Esther had concerns about her boys, one of whom was adopted, the other biological. They were drifting apart and in the wake of her anticipated death, she worried about the disintegration of the family. Relishing being able to share those concerns with a memory artist, and deliver her message symbolically and non-verbally to her sons’ “emotional brains,” we set to work right away. We chose three ways in which there were more similarities than differences. Both had birthdays just days apart. Both had speech processing issues. And both looked so much alike when they were children. While in reality the boys were several years apart, I asked Roger, her husband, to find me childhood photos when the boys seemed to share facial features and skin tone. Such is emotional truth ….
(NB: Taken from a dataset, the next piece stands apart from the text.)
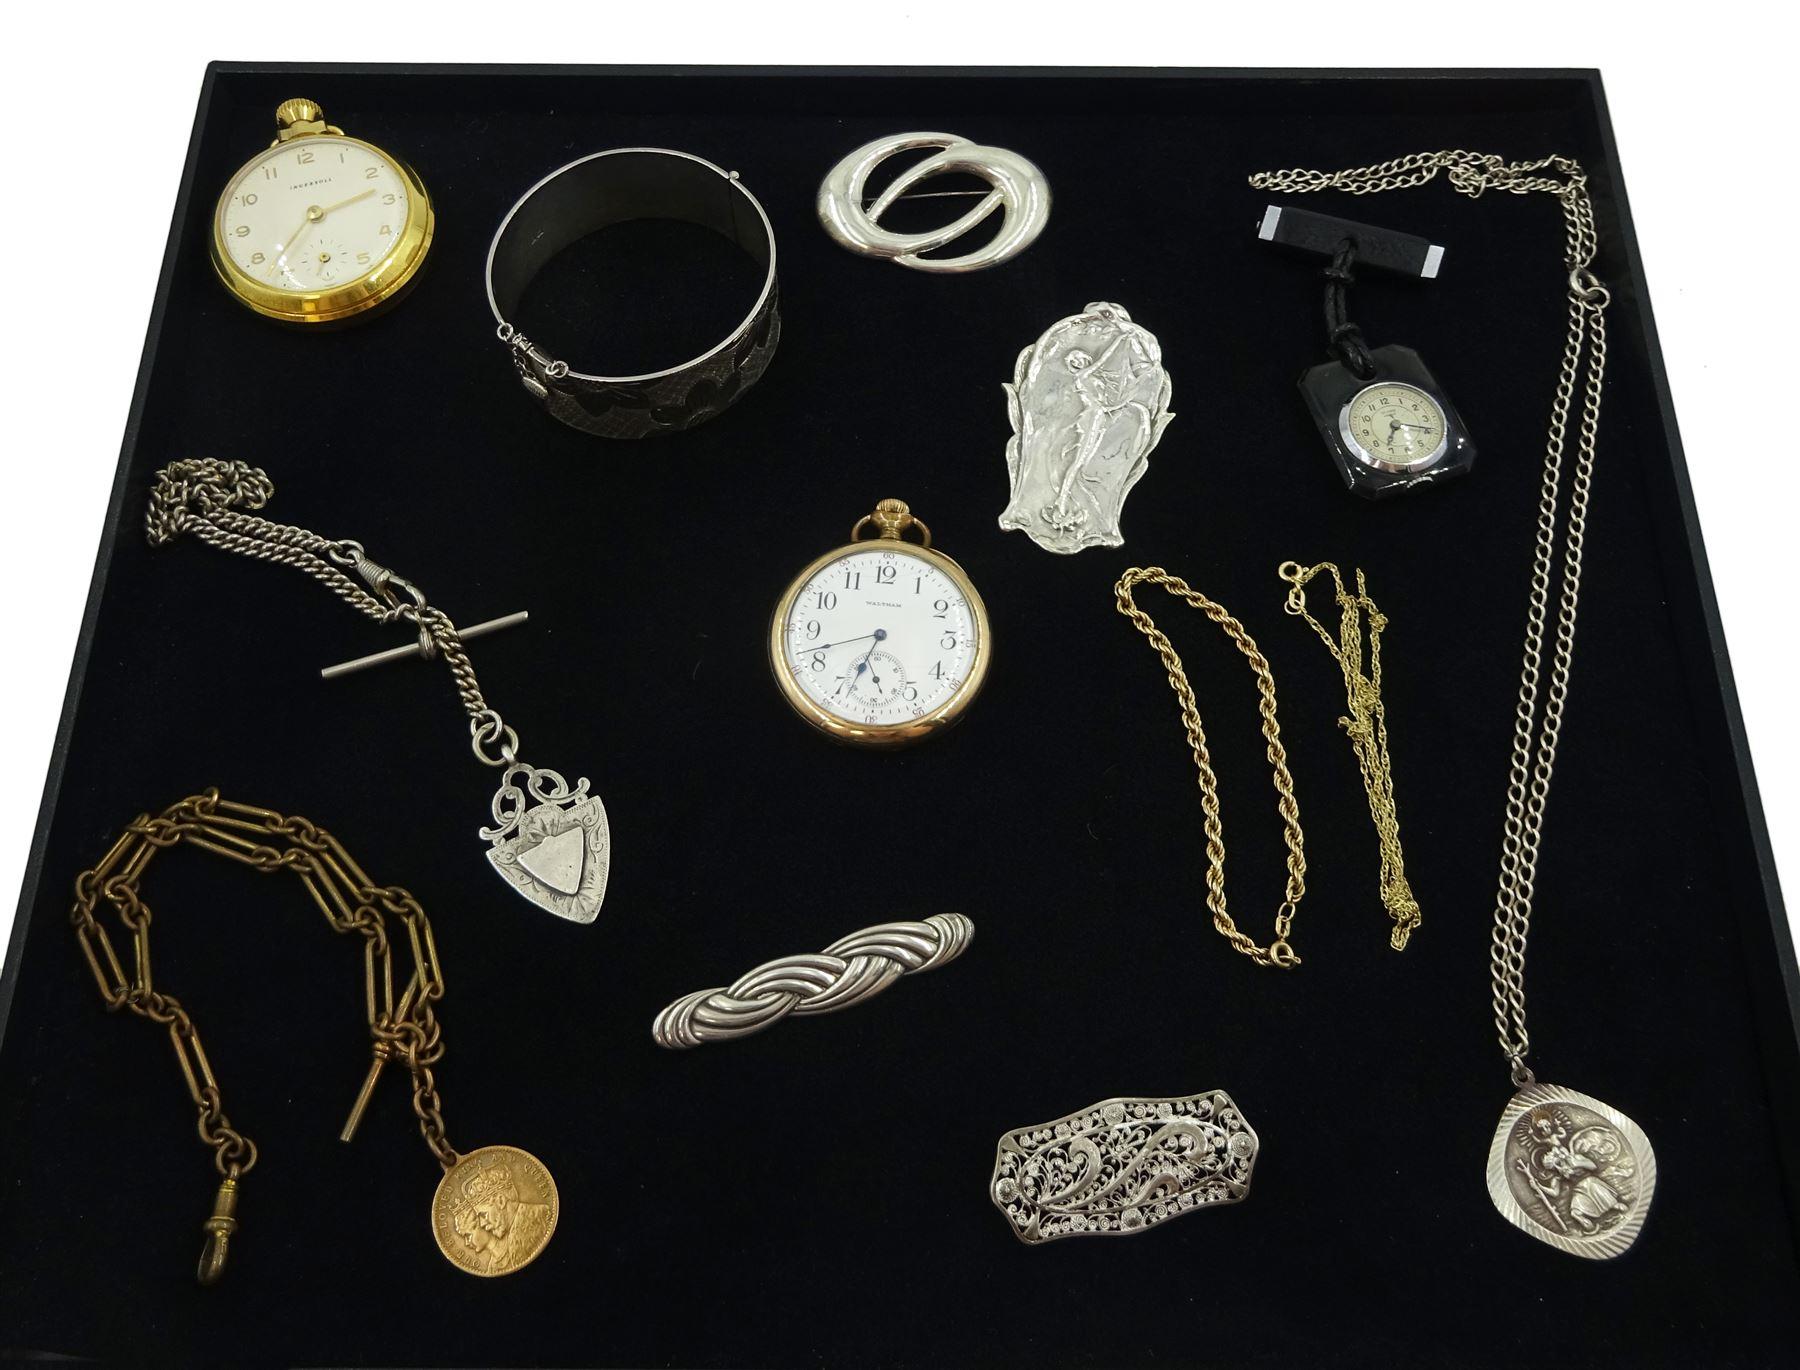 Silver jewellery including Art Nouveau style brooch

After Esther died, Roger shared his thoughts about the dreamscaping process:
The prescriptive power of your results was that both my sons carried the photo around with them (one recently put it on the refrigerator) and it’s still my desktop screensaver. My youngest recently showed me a photo and said, “Oh this is where my dreamscape came from.” I had ceased to remember the dreamscape as a montage of photos. Within a month of being exposed to it, I had forgotten. The details about the chronological age of the boys didn’t matter. Instead, it became an image that combined memories of my wife with my sons, 8 years of time condensed into one image. What it gave to me, in a two-dimensional form, was a look at the embrace of three souls.